少なくとも、大規模な為替介入はまだ行われていない
急激な円高に対応するため、日銀が「為替介入」をやっているのではないか、という憶測が流れています。
僕は、ずっと米ドル/円の値動きを観察していますが、「少なくとも、大規模な為替介入はまだ行われていない」と感じています。
かつて、2011年3月(震災のあと)、実際に政府の「為替介入」が行われました。僕は、その現場を目の当たりにしました。
このときの「介入額」は6,925億円だったと言われています。為替介入による値動きは独特なので、ハッキリ介入だとわかりました。とても力強い上昇で、いかにも「大量の資金が投入されたんだな」と感じました。
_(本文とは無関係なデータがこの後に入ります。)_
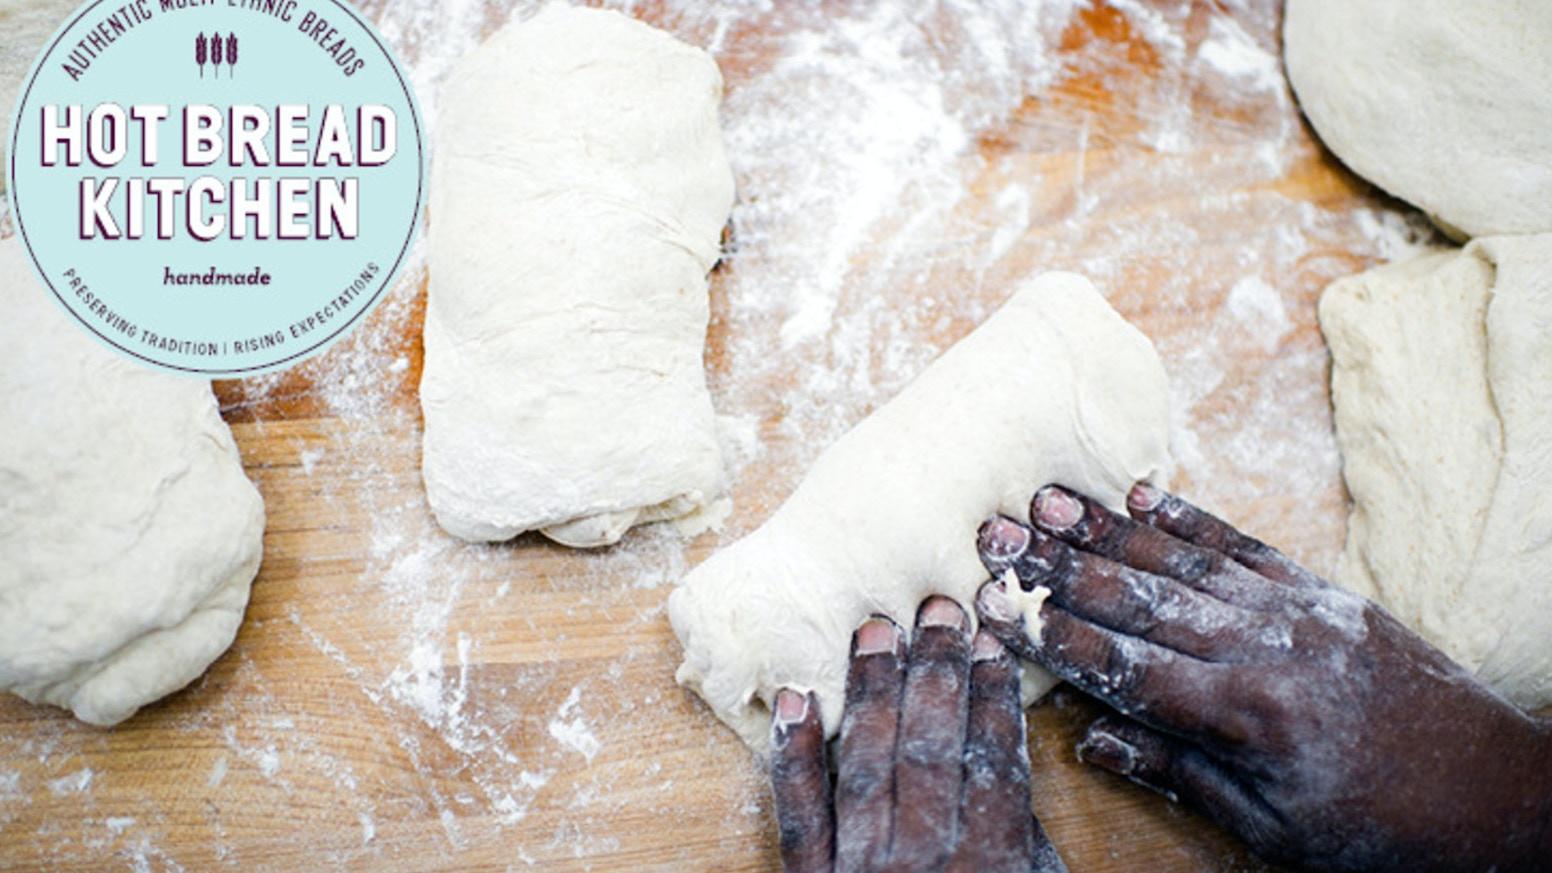 Hot Bread Kitchen: Women Bake Bread by Hot Bread Kitchen — Kickstarter
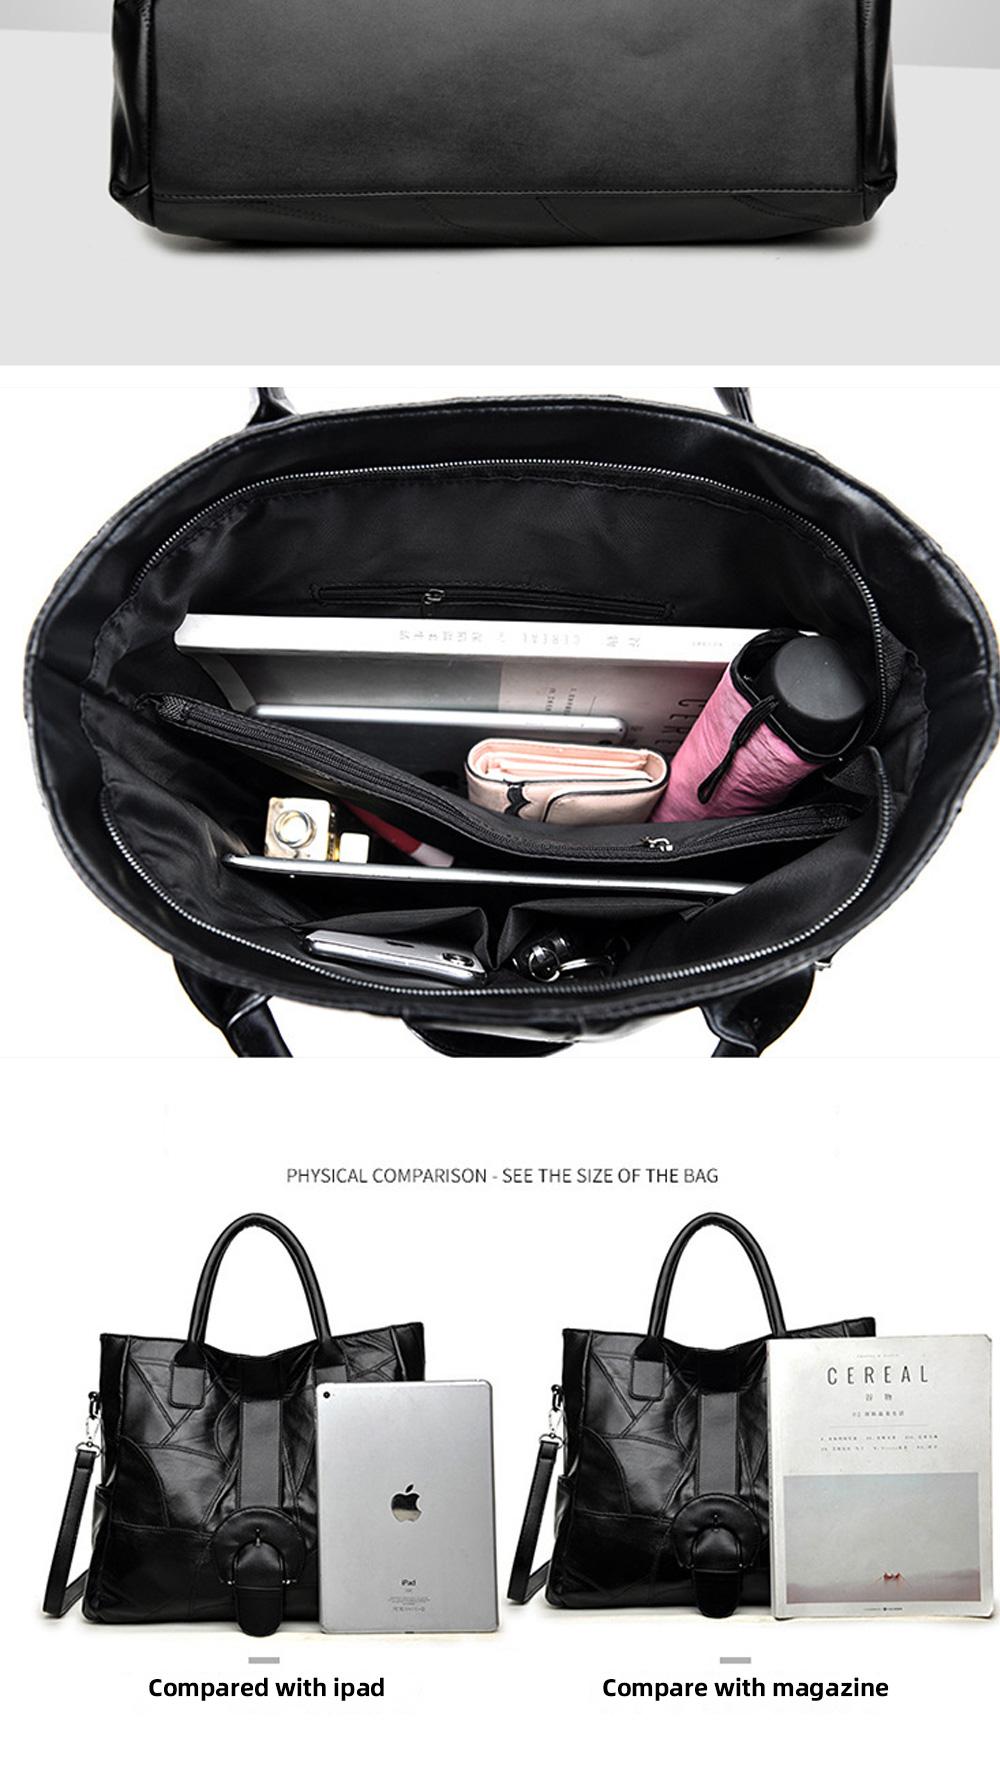 Genuine Leather Handbags Sheepskin Tote Bags, New Large-capacity Shoulder Handbags, Mommy bags Designed for women 33*10*31cm 7

ここ数日の米ドル/円の値動きは「自然」で、介入が行われたときのような特異な値動きは見られませんでした。もちろん、時々「怪しい」動きはありましたが、「政府が買っている」という規模ではないように感じました。
2011年の震災のあと、為替市場では75円付近までの「円高」が進みました。2011年には、3月だけでなく、8月、10月、11月にも為替介入が行われ、その総額は14兆円程度にのぼったと言われています。
あのときと比べたら、今回、米ドル/円は110円台を一瞬付けたという程度ですから、それほど深刻な「円高」とは言えません。この程度の円高で、政府が為替介入をすることはないと思っています。
だいたい、政府が為替介入を行っても、その効果は一時的なもので、すぐに元に戻ってしまうのが常です。もちろん、実際に為替介入が頻繁に行われれば、トレーダーは「恐くて売れない」状況になりますので、そういった「心理的」な効果は期待できます。
週末の米ドル/円は、いったん113.50円付近まで上昇し、113.20円付近で引けました。この程度の反発は、テクニカル的に見て、ごく自然な値動きです。ただ、米ドル/円のチャートは、「反発が長続きせず、すぐにまた売りが優勢になりやすい形」になっていますので、月曜日以降、ふたたび円高が進む可能性を否定できません。